Harry24k / adversarial-attacks-pytorch

PyTorch implementation of adversarial attacks [torchattacks]

Home Page:https://adversarial-attacks-pytorch.readthedocs.io/en/latest/index.html

Geek Repo:Geek Repo

Github PK Tool:Github PK Tool

[QUESTION] output format

cestwc opened this issue · comments

Currently, the output is a single tensor (adv images). However, it is common that we might need to know more information from the long-lasting searching process, e.g., in which iteration of PGD do we start to get adversarial example for this input.

More information can use useful, like the loss one suggested in #86 . This is because running an attack can take long, and currently we have to run it again to know what will happen if we change the settings a little bit.

I understand that we can't endless add more customized details that could slow down the program, but something like model ouput from huggingface can be a good choice.
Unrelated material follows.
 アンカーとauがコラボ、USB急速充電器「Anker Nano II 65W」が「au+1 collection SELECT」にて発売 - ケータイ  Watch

We could let different attack methods, e.g., CW or APGD, have different attributes in the output format, but always keep the adv image at the beginning.

Thank you for providing this good library.
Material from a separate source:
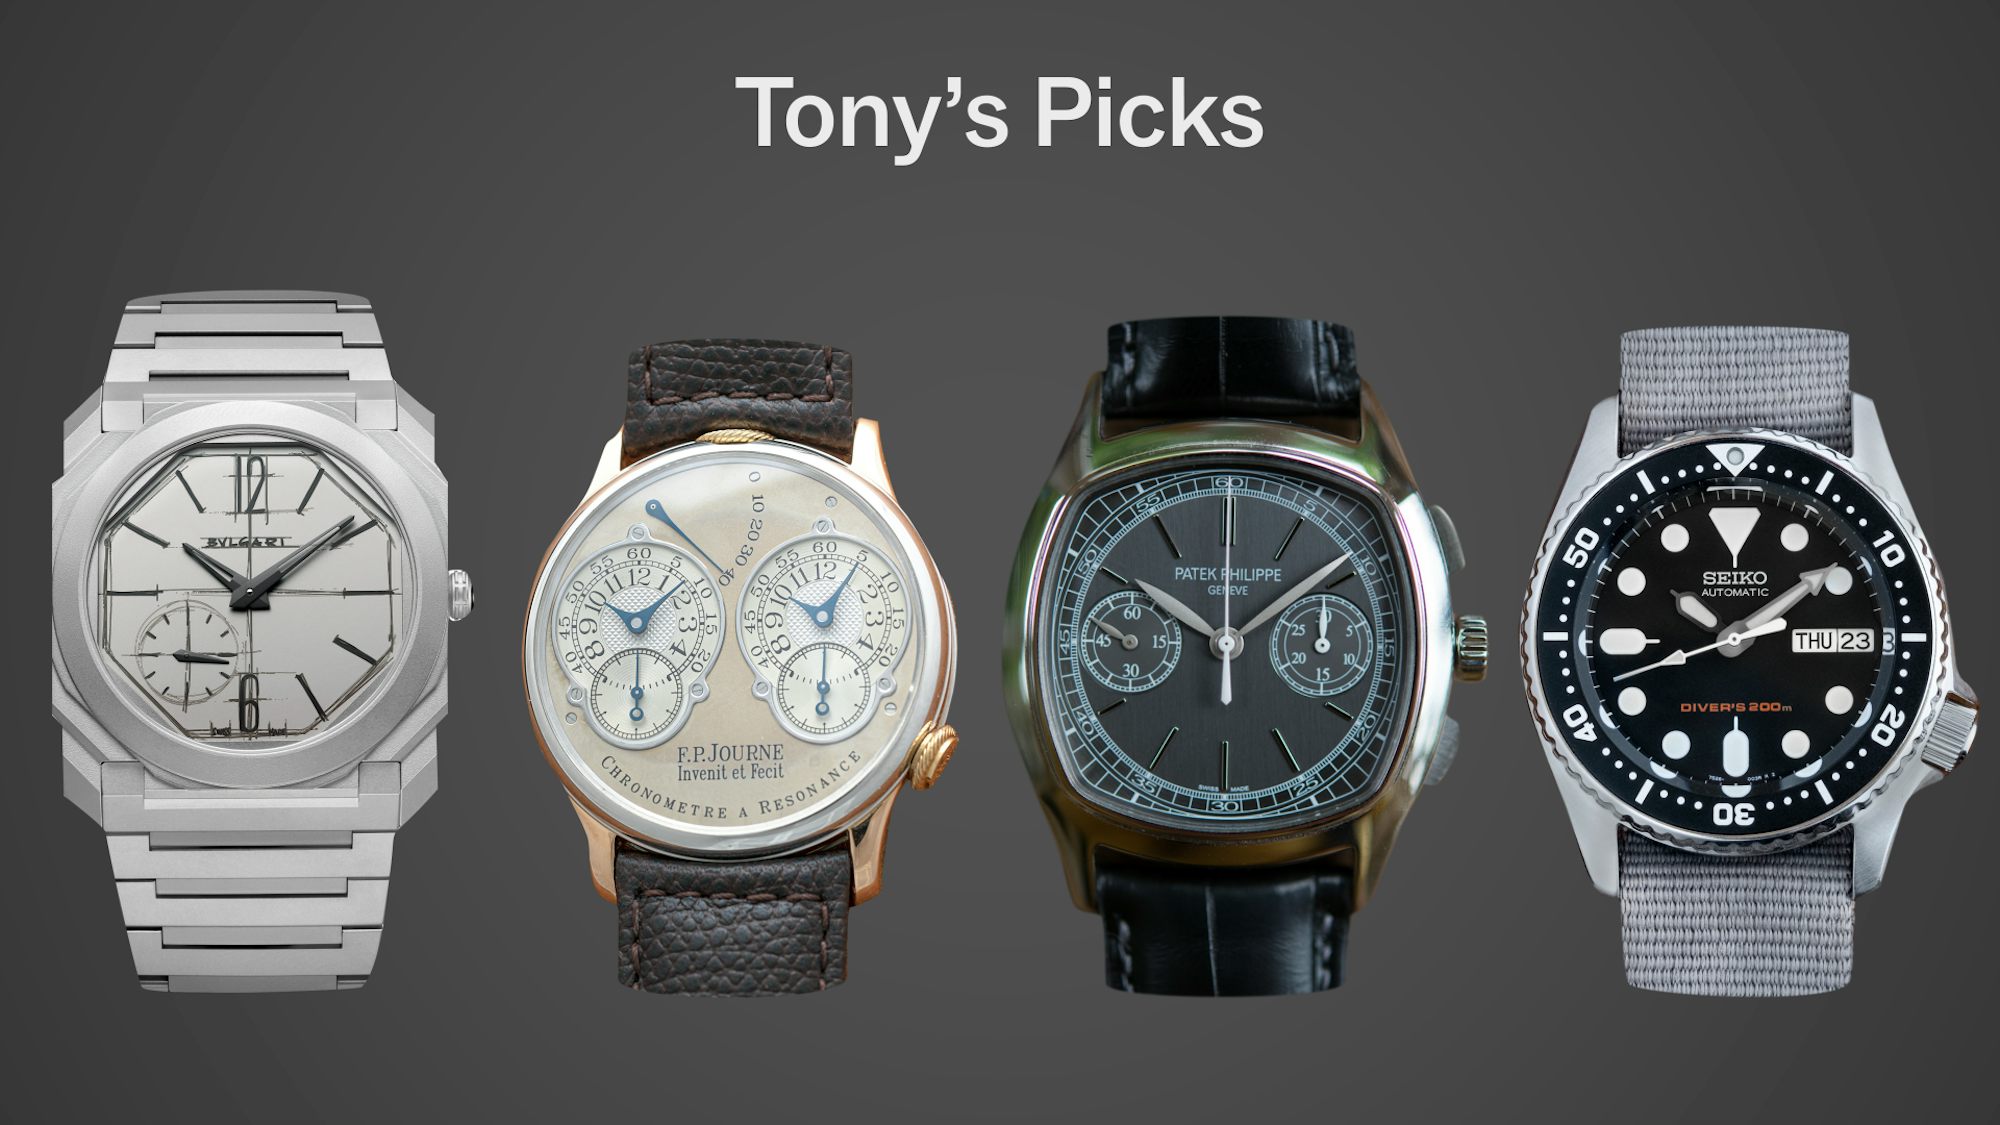 hodinkee editor best watches of 21st century

Hi @cestwc , I don't quite understand exactly what kind of output you are trying to get, is it a process of change from the original images to adversarial images or something else? 😀

commented

To clarify, the current output format as of April 11th, 2023, is a torch tensor with a size of [batch size, channel, W, H]. However, a suggested output format can include additional information, including this torch tensor. For example, the suggested format could include adversarial images at each step, depending on the attack used.
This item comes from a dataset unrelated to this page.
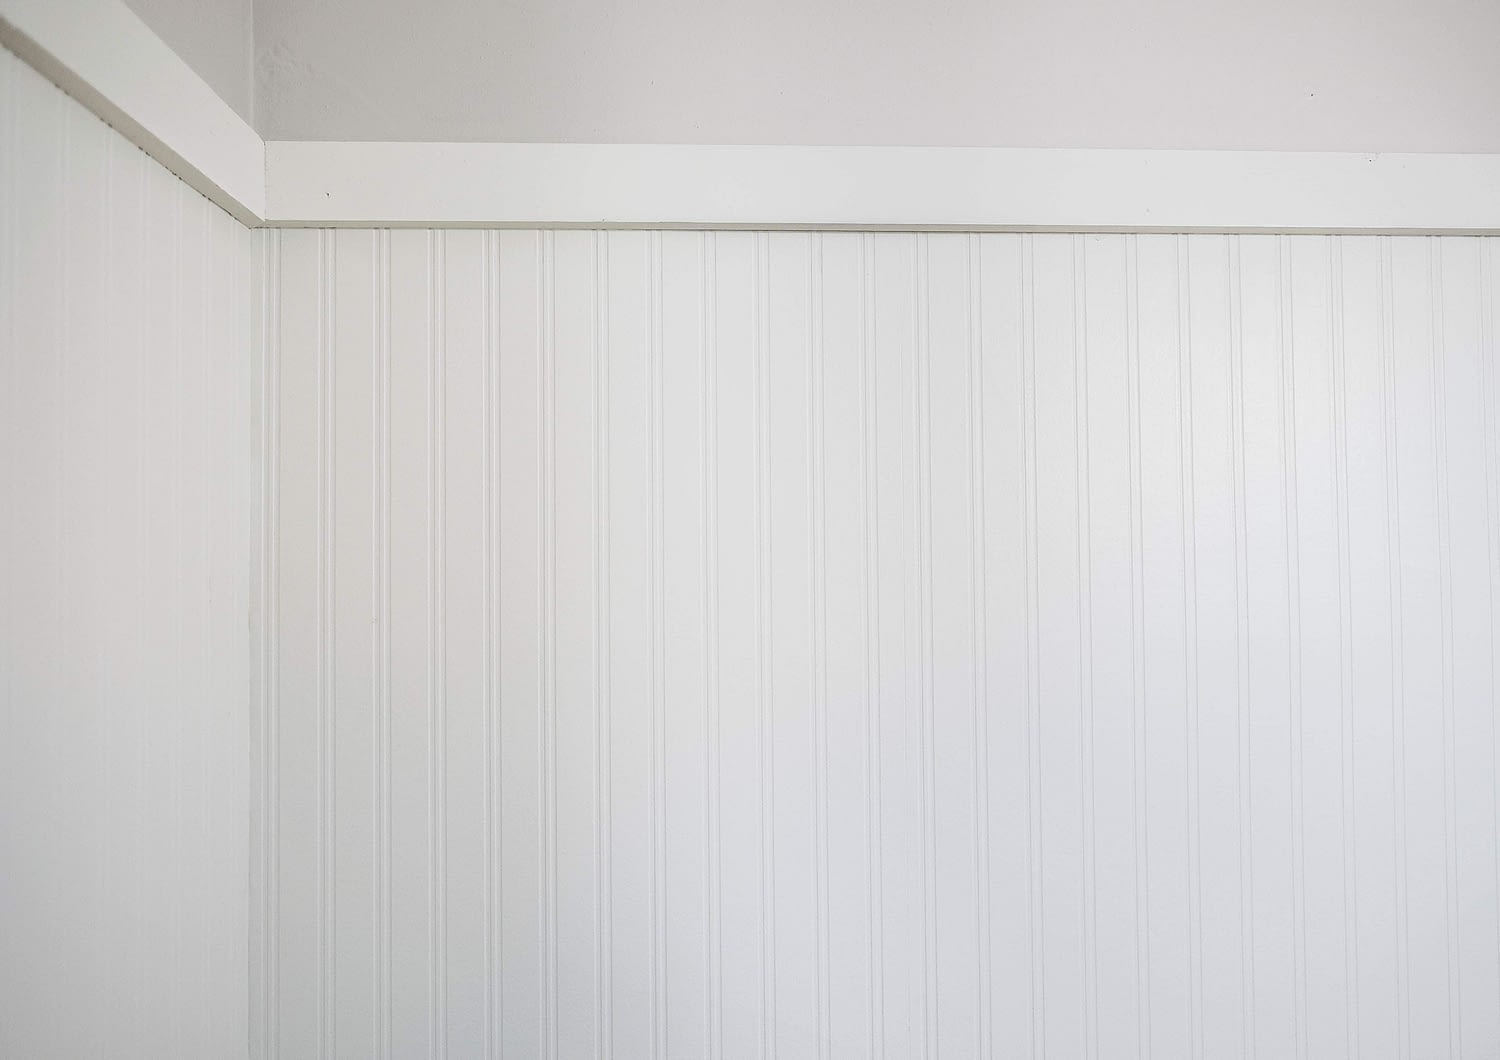 White beadboard wallpaper against light grey wall

To illustrate, consider the following use case examples:

Current:

adv_images = attack(images, labels)
print(adv_images.shape)

Suggested:

outputs = attack(images, labels)
print(outputs.adv_images.shape)
print(len(outputs.adv_images_at_each_step))

or

print(outputs['adv images'].shape)
print(len(outputs['adv images at each step'])

By using the suggested format, the output outputs can contain more information, such as the adversarial images at each step.

Hi @Harry24k , what do you think of this code feature?
I'm not sure if this extra operation would slow down the rate of adversarial examples generation or increase GPU memory usage.

And for @cestwc , if i implement it, it could be this way, what do you think?

atk = PGD(model, eps=8/255, alpha=2/255, steps=10, random_start=True)
atk.set_store_each_step_result()
adv_result = atk(images, labels)

The adv_result shape is [steps, batch_size, C, W, H].
The last image adv_result[-1] is the final generated adversarial example.